This section is from the book "Popular Law Library Vol1 Introduction To The Study Of Law Legal History", by Albert H. Putney. Also see: Popular Law-Dictionary.
The growth of the extraordinary or equitable jurisdiction of the Chancery Courts was always viewed with jealousy by the common law judges, and at times openly resisted. No other claim made by the equity judges was so extremely distasteful to the common law judges as their attempts to interfere by injunctions in proceedings before other courts. In 22 Edward IV, Chief Justice Hussey advised the attorney for a plaintiff who had been enjoined from trying to collect his judgment, to proceed with execution regardless of such injunction, promising to release him on habeas corpus if he were committed for contempt of court. Upon this occasion the Chancery judges were compelled to give way.
During the reign of Henry VIII, a barrister was indicted in the Court of the King's Bench under the statute of praemunire for seeking such an injunction in the Chancery Court. The final result of the action is not recorded.
•The contest on this point reached its climax in the reign of James I. The question, after having been argued with great ability by Chief Justice Cole and Chancellor Ellesmere, was finally referred to the King, by whom it was referred to a commission with Lord Bacon at its head. The decision of this commission was in favor of the contentions of the Court of Equity.
An illustration of the interference of equity courts in cases before Common Law Courts is found in the case of Clayborne vs. RoyIn, B. 1574, Cal. 342.
The Mayor of Lynn had punished the defendant for incontinence, on which she brought an action against him for false imprisonment; the mayor filed a bill for an injunction. To what head of jurisdiction this application was addressed does not appear. The matter was referred to three masters.
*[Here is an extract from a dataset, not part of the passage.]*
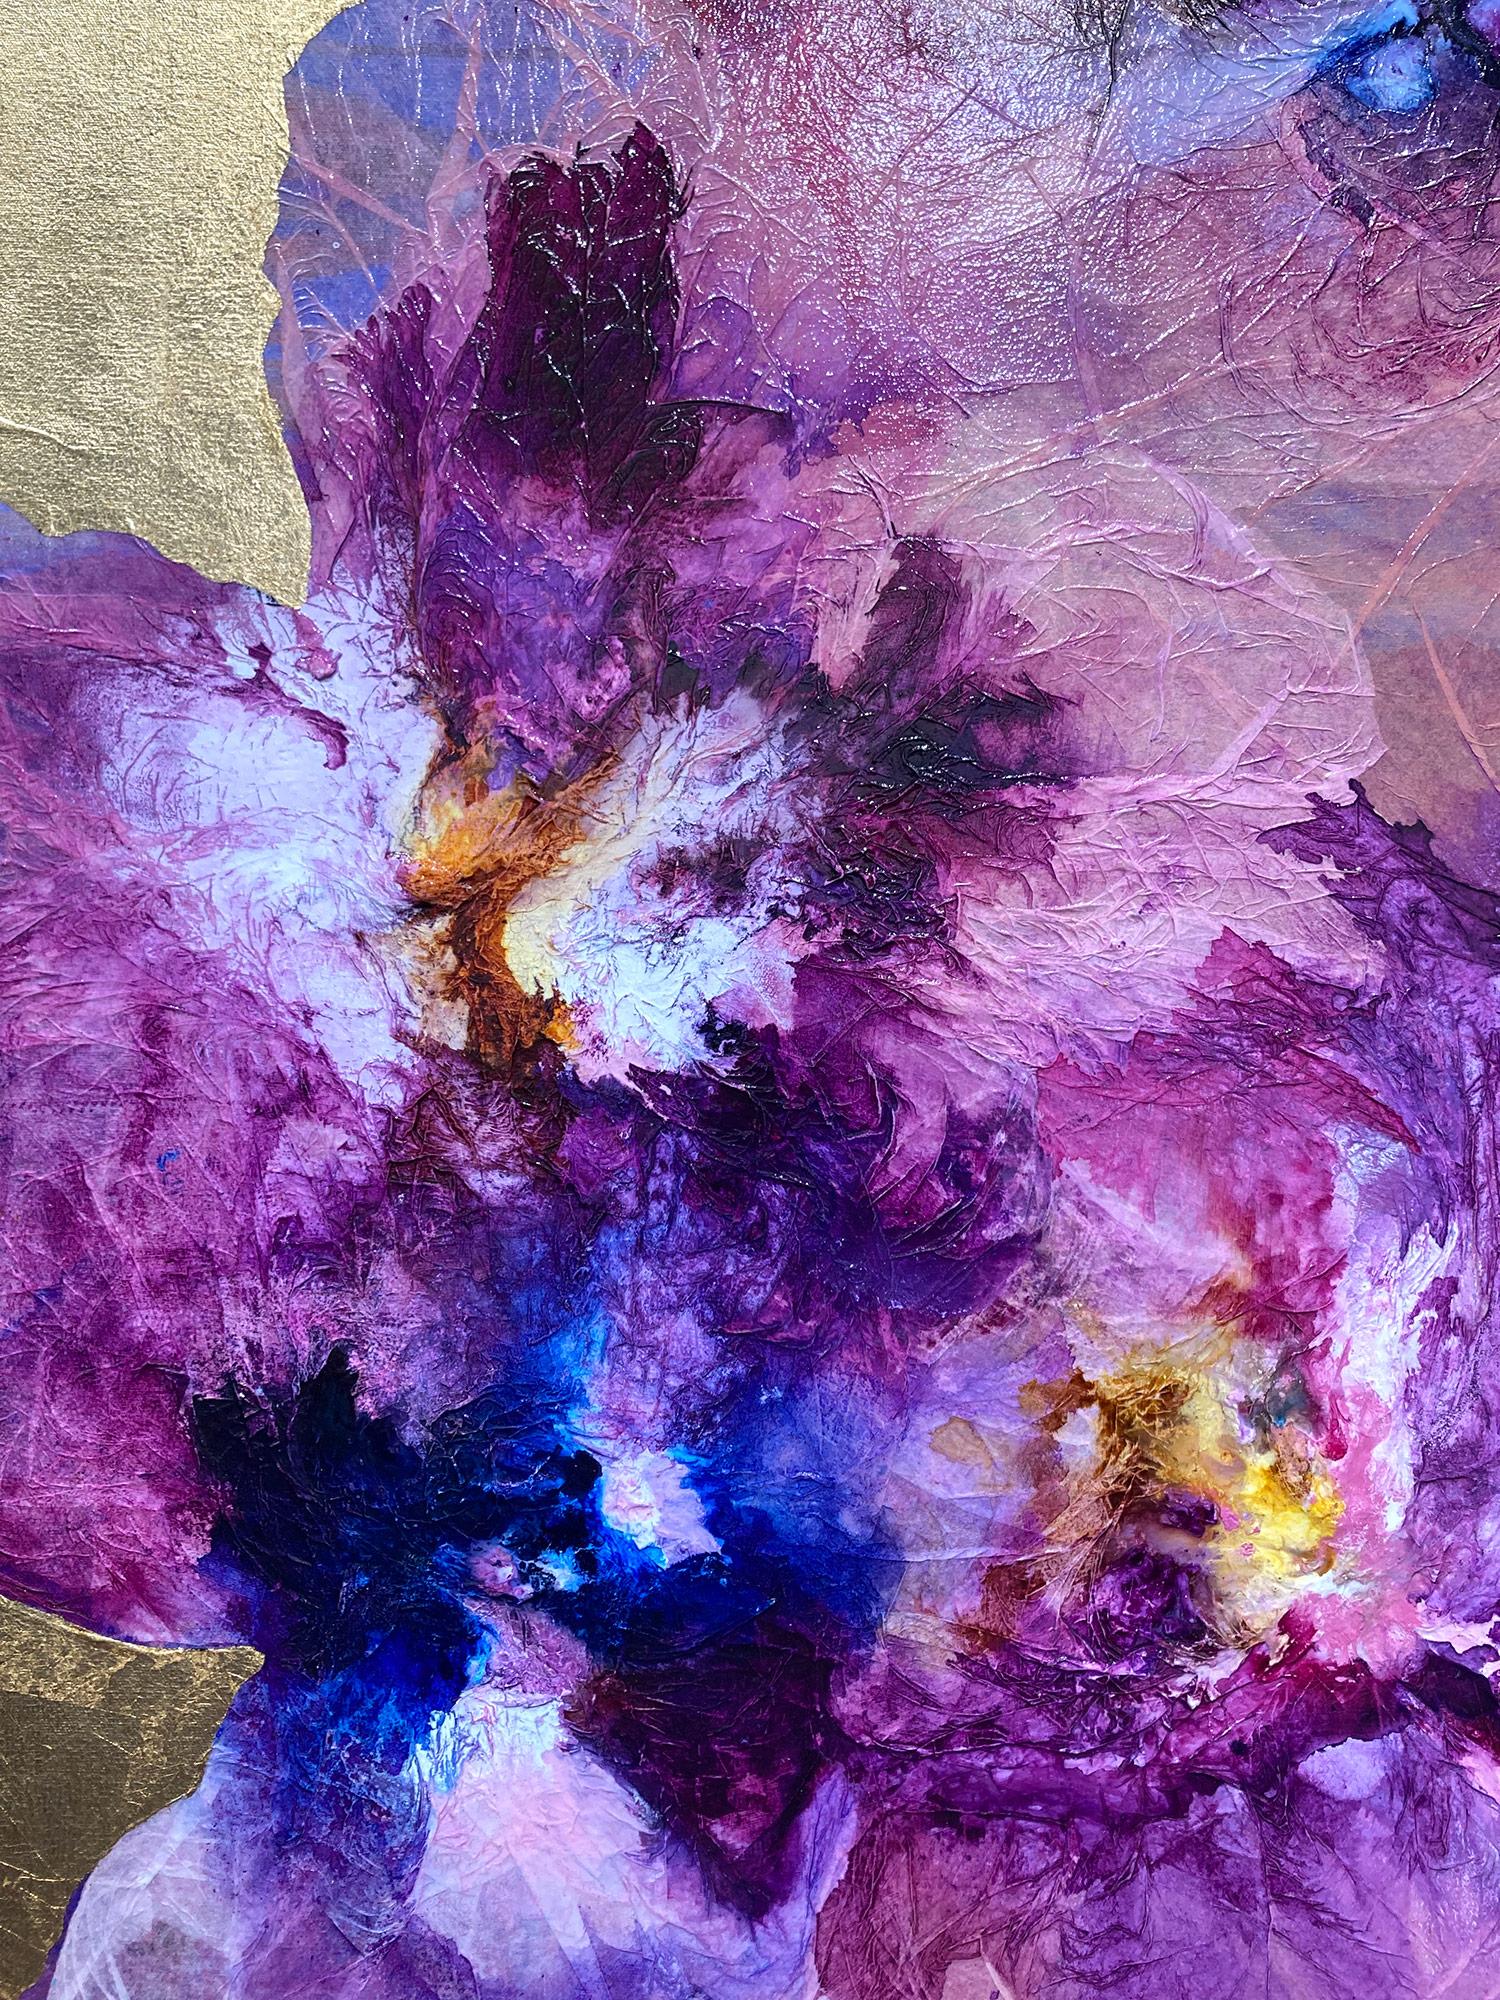 This painting by Antoinette is a stylish and luxurious mixed media on canvas piece depicting abstract flowers with bold use of color and contrast. The gold leaf background and the brilliant deep crimson and violets from the florals allows for the

They reported that, although it appeared not to them that there was sufficient proof made before the plaintiff, late Mayor of Lynn, whereby he should justly proceed to the punishment of the defendant in such sort as he did, yet they found too much likelihood of evil behavior and suspicion of incontinency testified by some witnesses against the defendant, that they thought it very convenient that the actions should be stayed, which the defendant had commenced at the common law, and thereupon this court to take such further order between the parties as to the same shall be thought meet; and an injunction was awarded accordingly.
This authority to issue injunctions of this character was about the last new power obtained by the Courts of Equity. What may be called the formu-lative period of equity came to an end about the beginning of the seventeenth century, and new actions could no longer be created by the authority and will of the judges themselves.
At the time of the establishment of the English colonies in America, the equity courts had reached their full development and existed as a distinct system of courts, independent of, but auxiliary to the common law courts, and as such were carried over in America.